Luís Zambujo

Personal information
- Full name: Luís Rafael Margaça Garcia Zambujo
- Date of birth: 29 September 1986 (age 38)
- Place of birth: Portel, Portugal
- Height: 1.83 m (6 ft 0 in)
- Position(s): Winger

Youth career
- 1996–2005: Benfica

Senior career*
- Years: Team / Apps / (Gls)
- 2005–2006: Benfica B / 25 / (3)
- 2006–2007: Olivais Moscavide / 3 / (0)
- 2007–2008: Aves / 13 / (0)
- 2008–2009: Atlético / 15 / (0)
- 2009: Oriental / 8 / (2)
- 2010: Igreja Nova / 14 / (2)
- 2010–2011: Farense / 30 / (9)
- 2011–2012: Portimonense / 19 / (3)
- 2012: Belenenses / 9 / (0)
- 2013–2017: Portimonense / 147 / (21)
- 2017–2018: Farense / 19 / (0)
- 2018–2019: Louletano / 9 / (0)
- Total:  / 311 / (40)

International career
- 2002: Portugal U16 / 6 / (0)
- 2003: Portugal U17 / 2 / (0)
- 2004: Portugal U18 / 3 / (0)
- 2005: Portugal U19 / 2 / (0)

= Luís Zambujo =

Portuguese footballer

Luís Rafael Margaça Garcia Zambujo (born 29 September 1986) is a Portuguese former professional footballer who played as a winger.

==Club career==
Born in Portel, Évora District, Zambujo played youth football with S.L. Benfica. He made his debut as a professional in 2006 with C.D. Olivais e Moscavide in the Segunda Liga, and alternated between that tier and the third in the following years.
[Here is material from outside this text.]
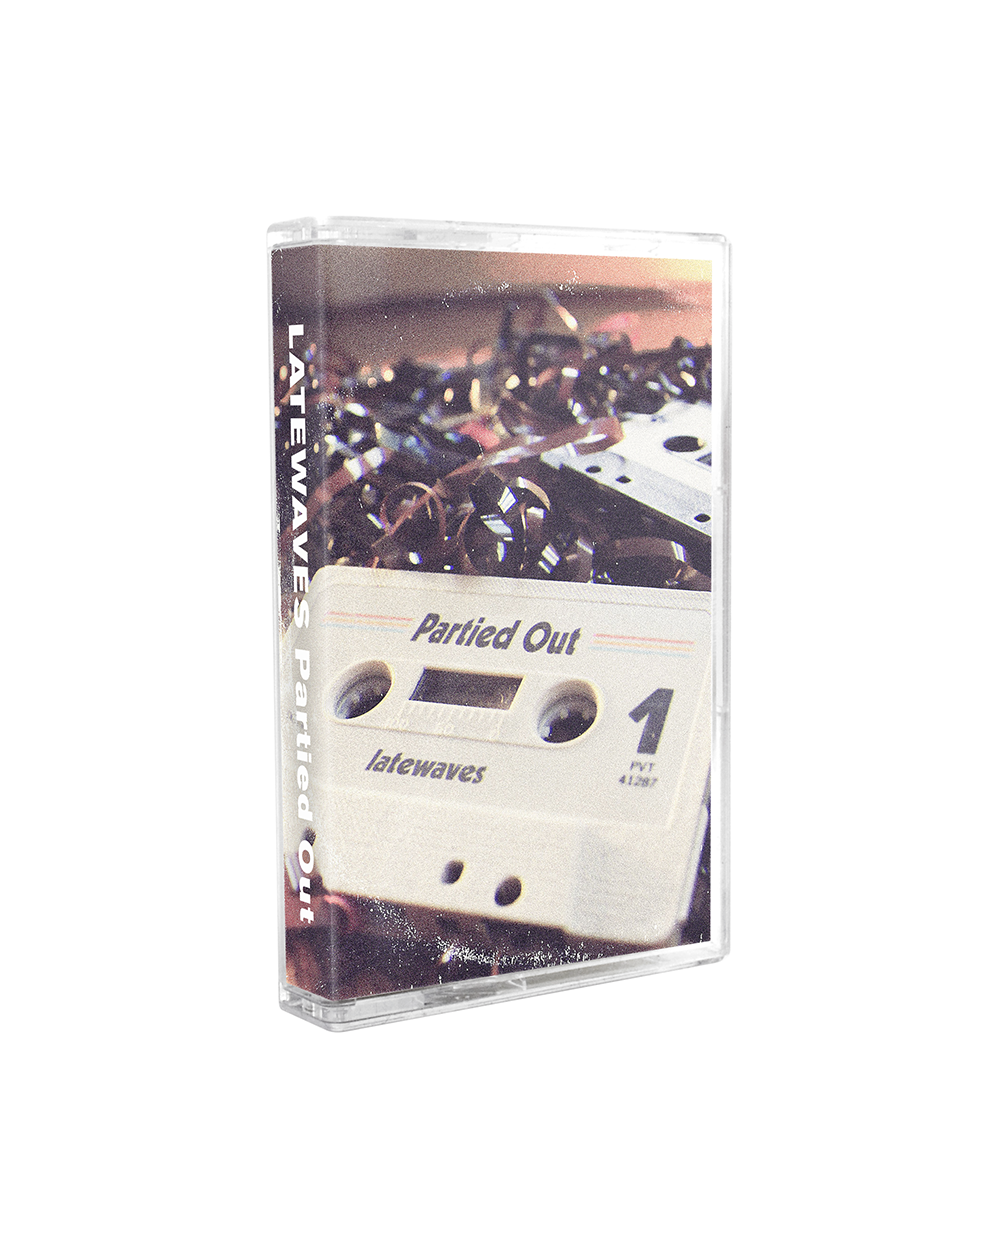 Latewaves : Partied Out (Cassette)
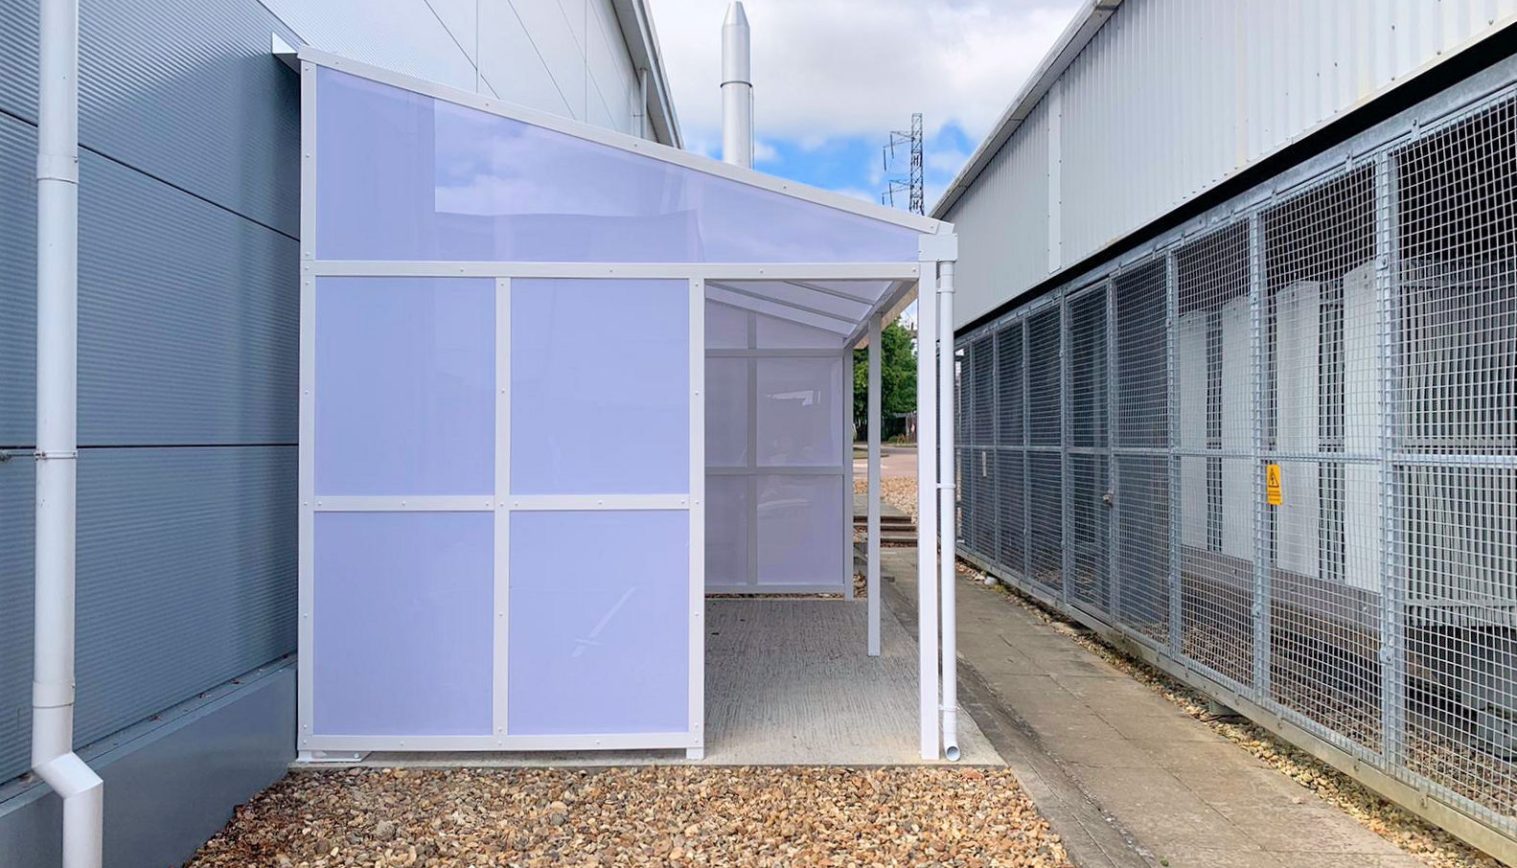 Culham Science Centre – Wall Mounted Canopy

In the summer of 2011, Zambujo signed with Portimonense S.C. of the second division. In January 2013, after a brief spell with C.F. Os Belenenses in the same league, he returned to his previous club, scoring his first two goals in the competition to help to a 4–0 home win against C.D. Tondela.